Constraining supersymmetry from the satellite experiments

TL;DR

This paper evaluates the potential of satellite experiments EGRET and GLAST to detect gamma rays from dark matter annihilation in Milky Way subhalos, constraining supersymmetric dark matter models.

Contribution

It provides a detailed analysis of gamma-ray detectability from dark matter subhalos within a supersymmetric framework, incorporating N-body simulation data.

Findings

Detection of gamma-ray sources by EGRET and GLAST is possible.

Non-detection would constrain dark matter particle properties.

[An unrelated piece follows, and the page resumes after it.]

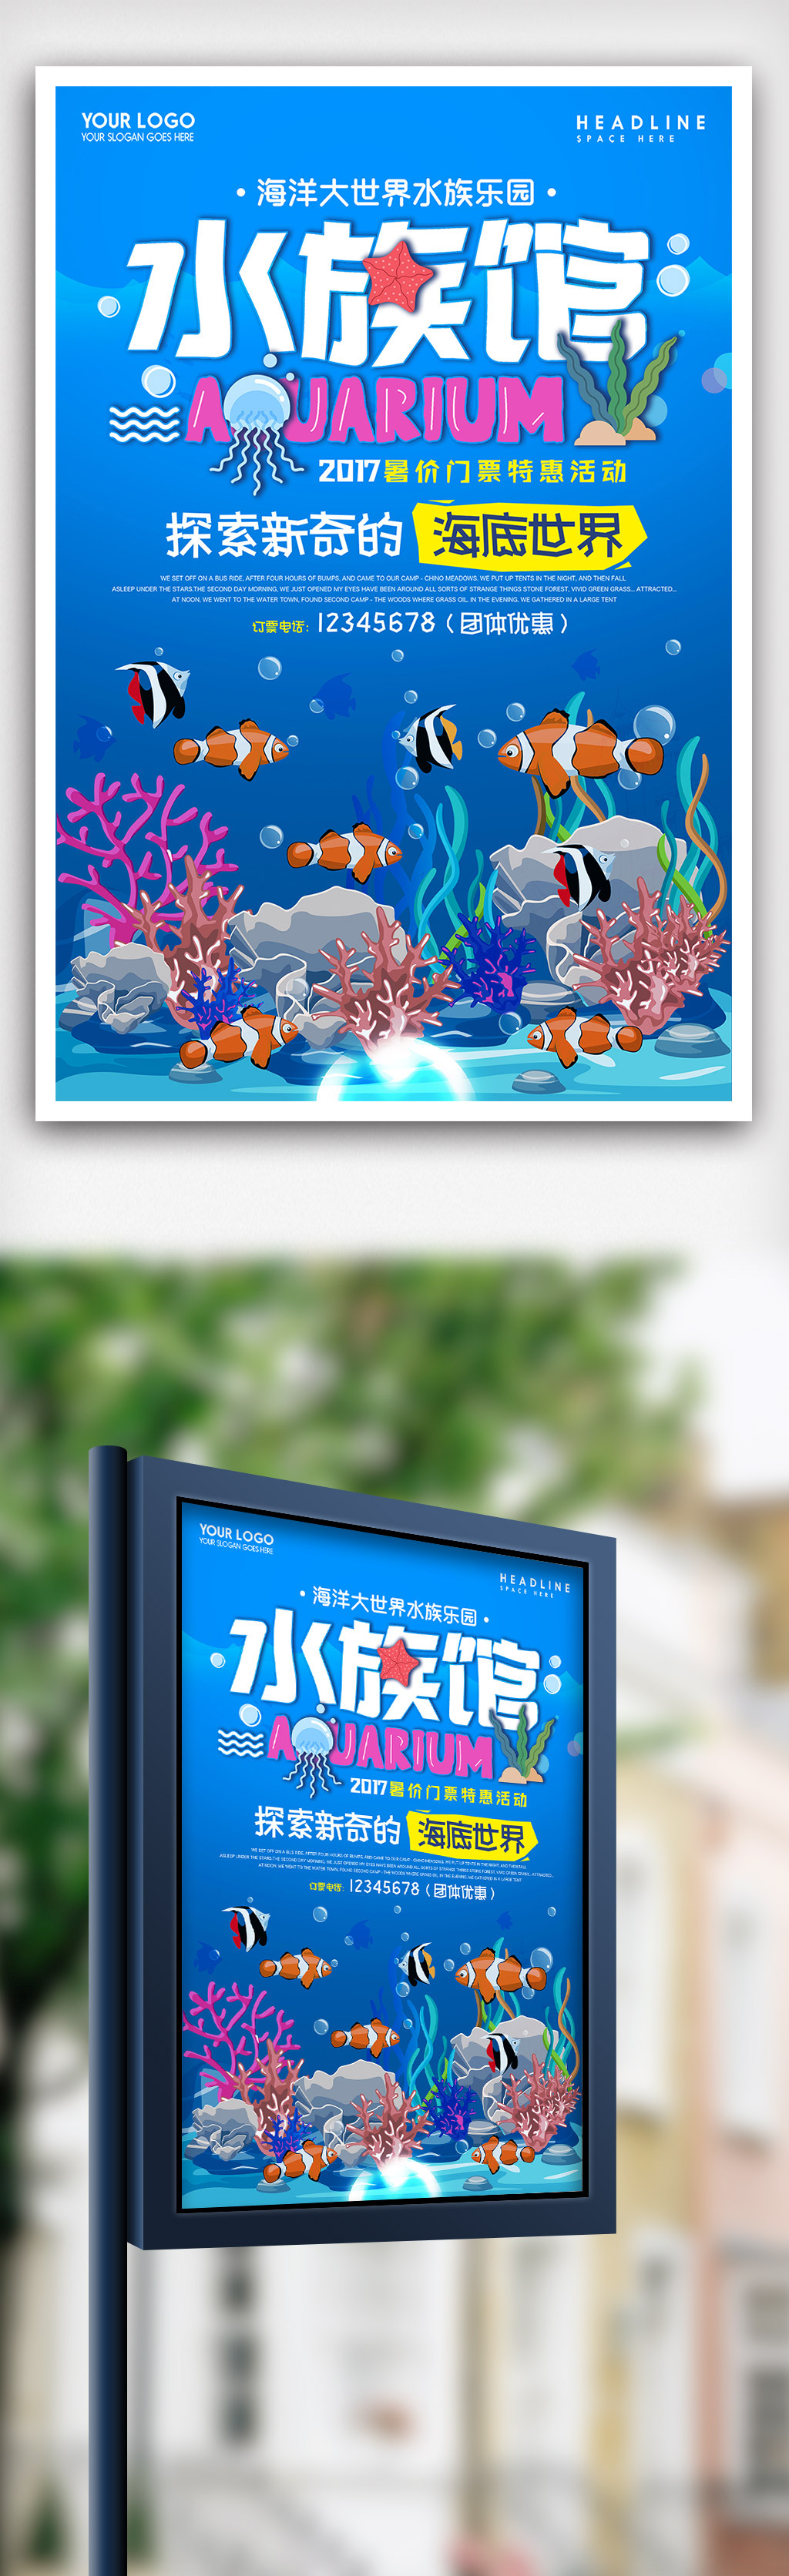 梦幻水族馆海报设计图片

Results depend on subhalo profile uncertainties.

Abstract

In this paper we study the detectability of $\gamma$-rays from dark matter annihilation in the subhalos of the Milky Way by the satellite-based experiments, EGRET and GLAST. We work in the frame of supersymmetric extension of the standard model and assume the lightest neutralino being the dark matter particles. Based on the N-body simulation of the evolution of dark matter subhalos we first calculate the average intensity distribution of this new class of $\gamma$-ray sources by neutralino annihilation. It is possible to detect these $\gamma$-ray sources by EGRET and GLAST. Conversely, if these sources are not detected the nature of the dark matter particls will be constrained by these experiments, which, however, depending on the uncertainties of the subhalo profile.